--- Data excerpt ---
◇ ◇ ◇

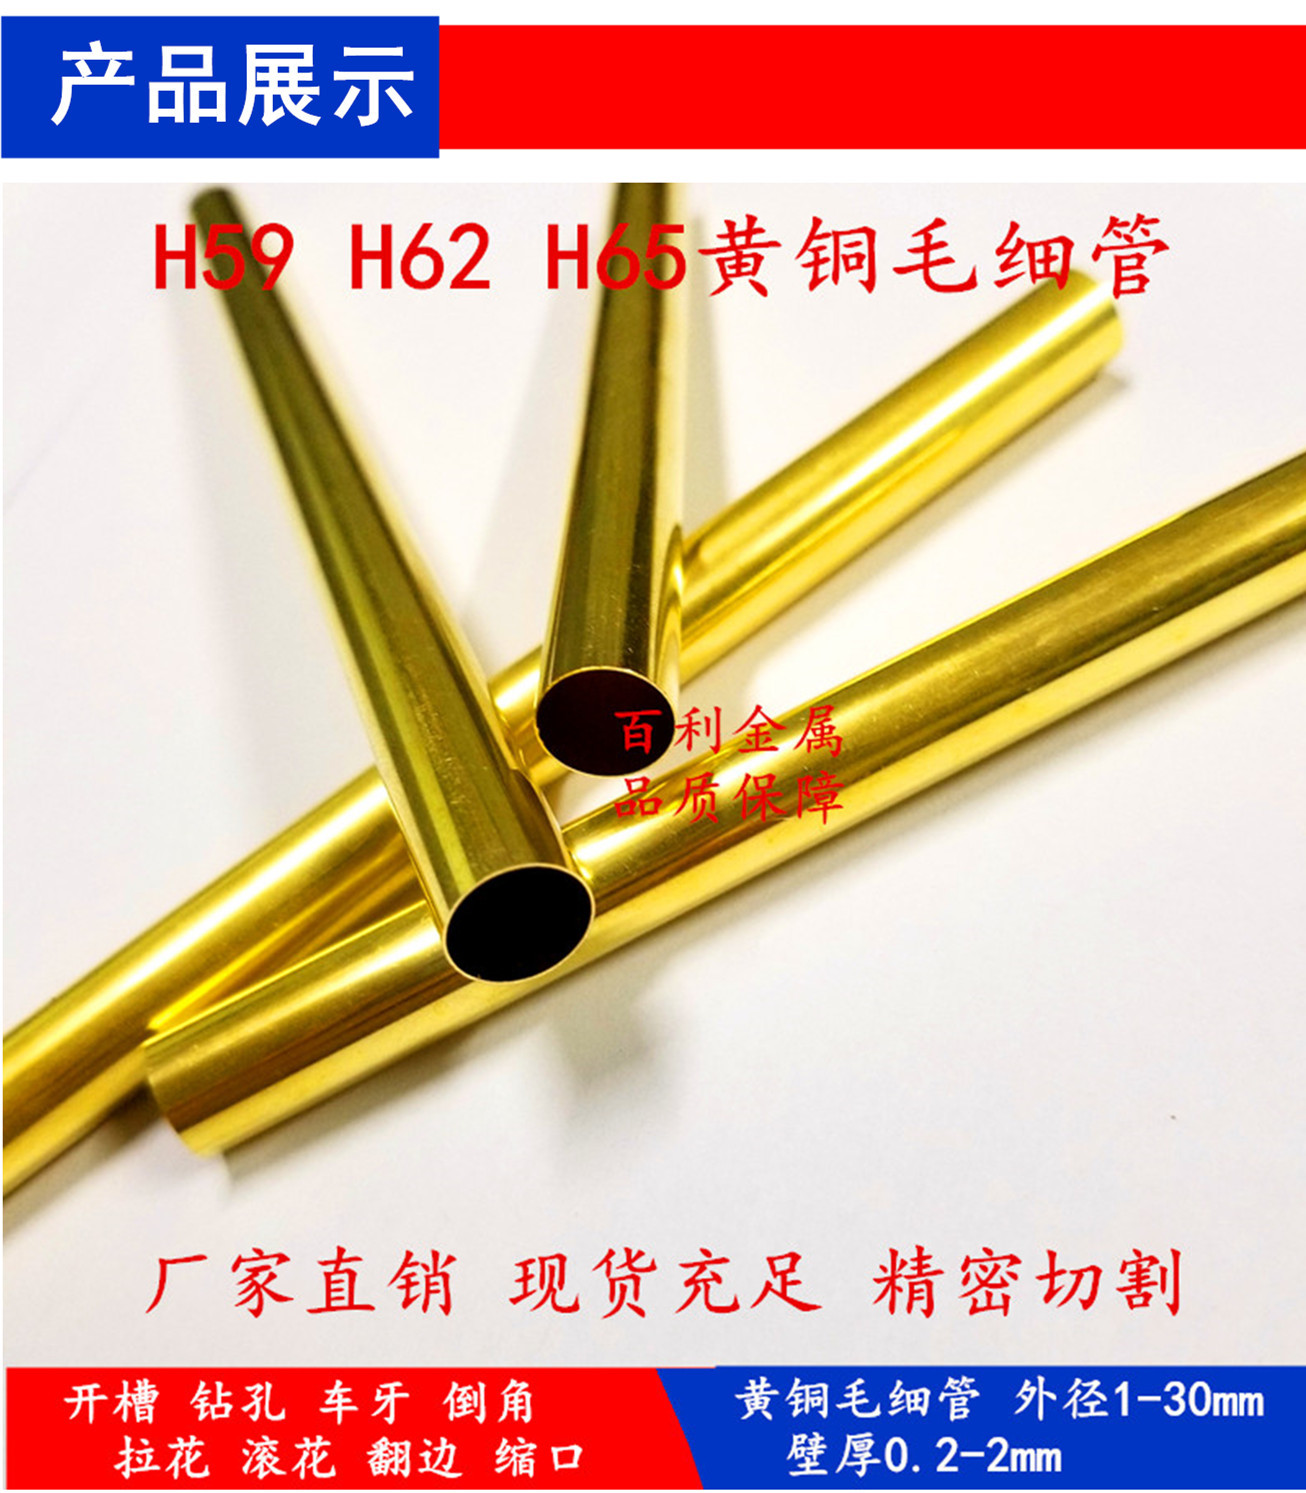 H65 H62黄铜毛细管 黄铜棒 黄铜带 黄铜板 厂家直销 规格齐全示例图9
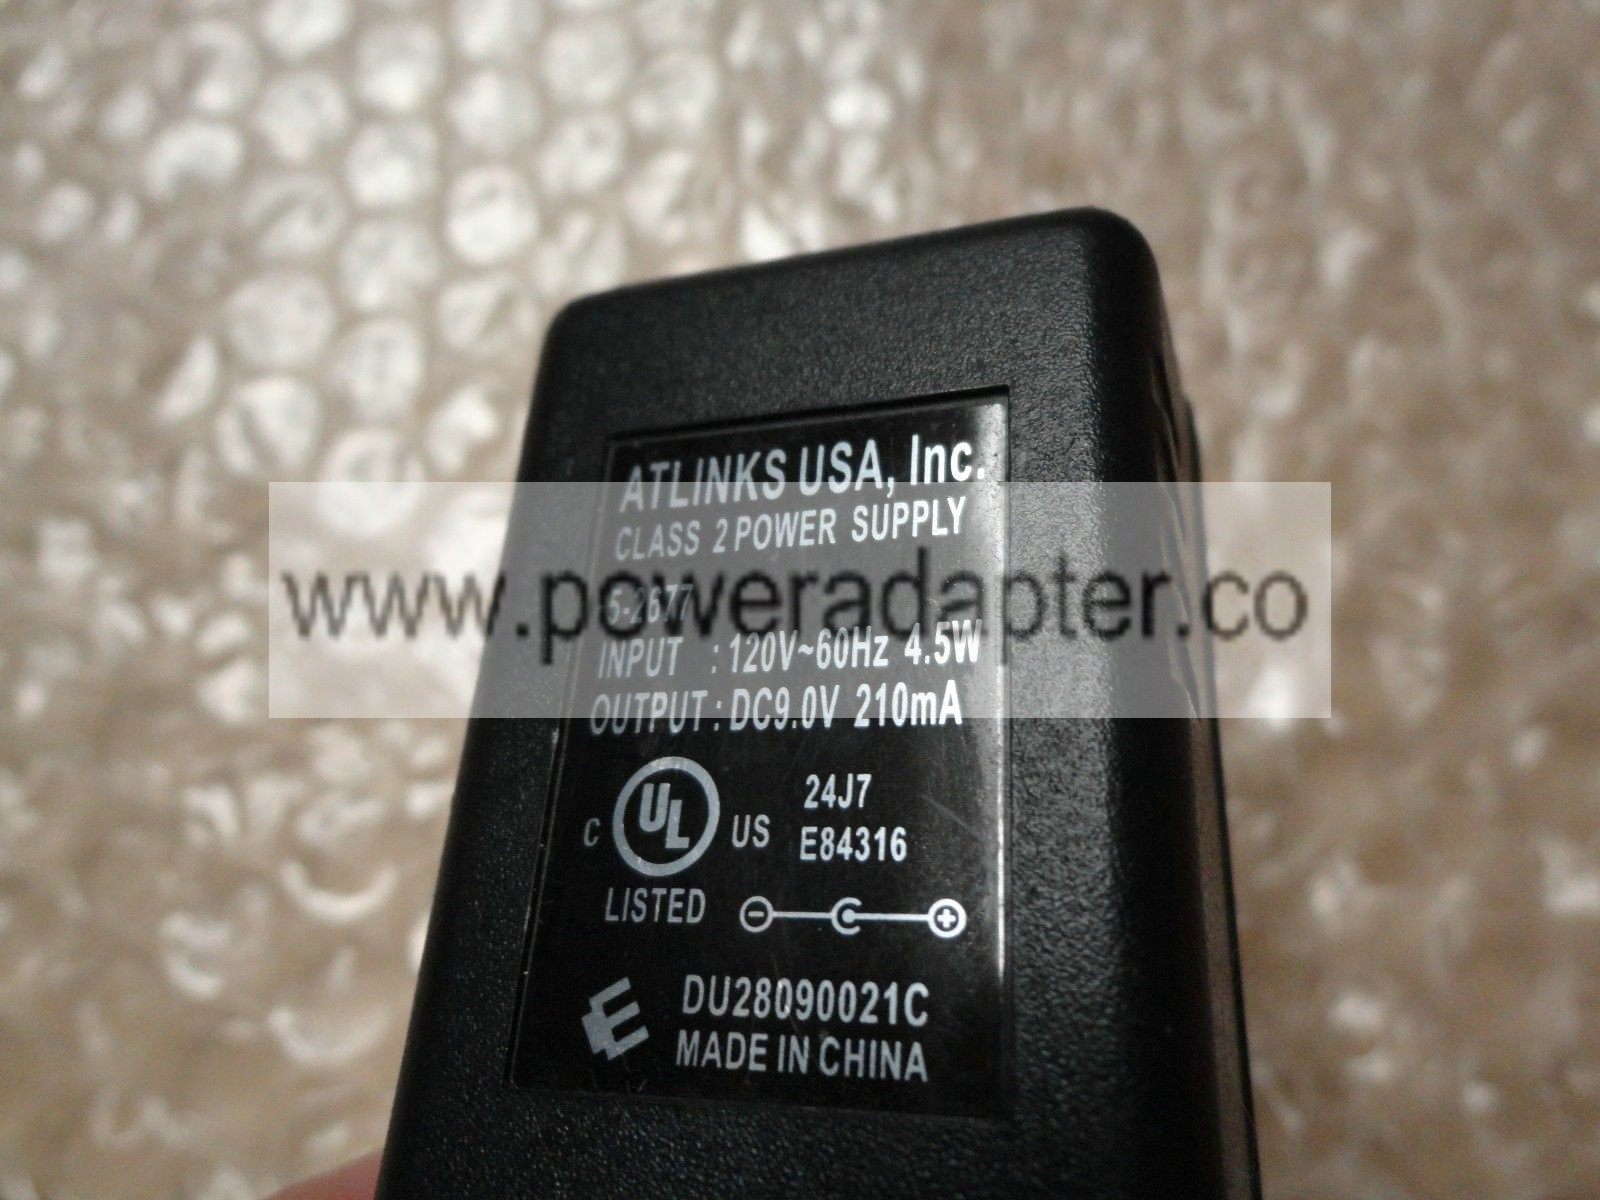 Original OEM Atlinks Class 2 AC Power Supply Adapter 5-2677 9V DC 210mA brand:ATLINKS input:120v 60hz 4.5w output:DC - Click Image to Close
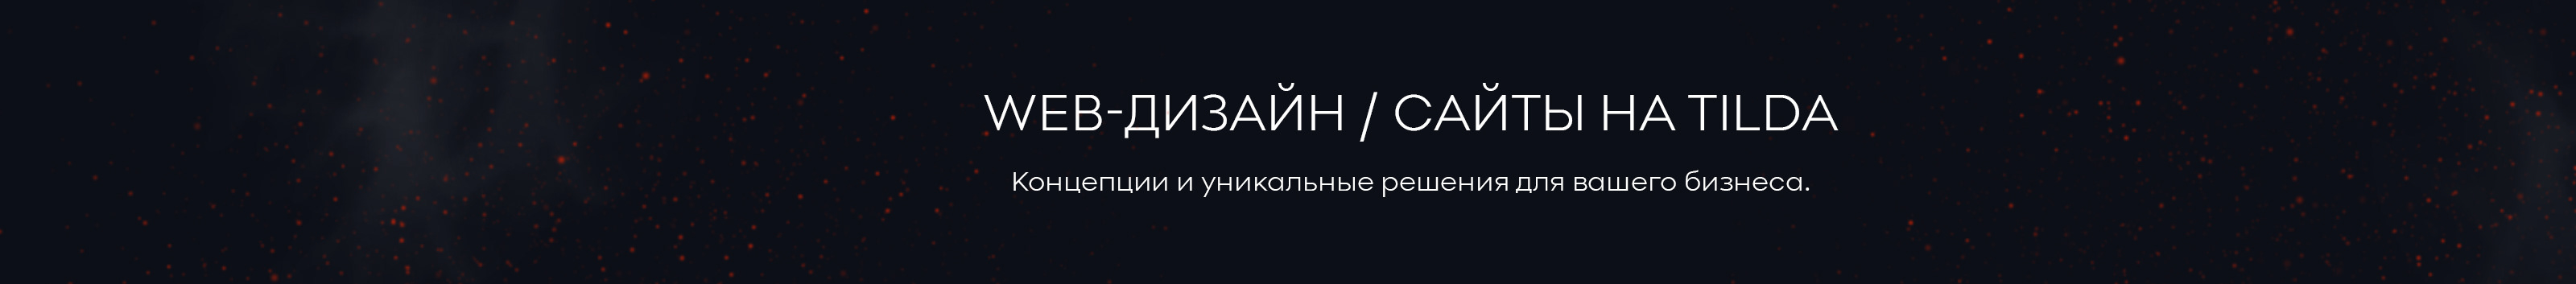 Tatiana Lysova's profile banner

◇ ◇ ◇

--- What you need to do ---
Exactly the lines from the one that contains "Original OEM Atlinks" to the last line of the data, both included, should be set down, and no pictures should appear among them.

--- Solved problem ---
 Original OEM Atlinks Class 2 AC Power Supply Adapter 5-2677 9V DC 210mA brand:ATLINKS input:120v 60hz 4.5w output:DC - Click Image to Close
 Tatiana Lysova's profile banner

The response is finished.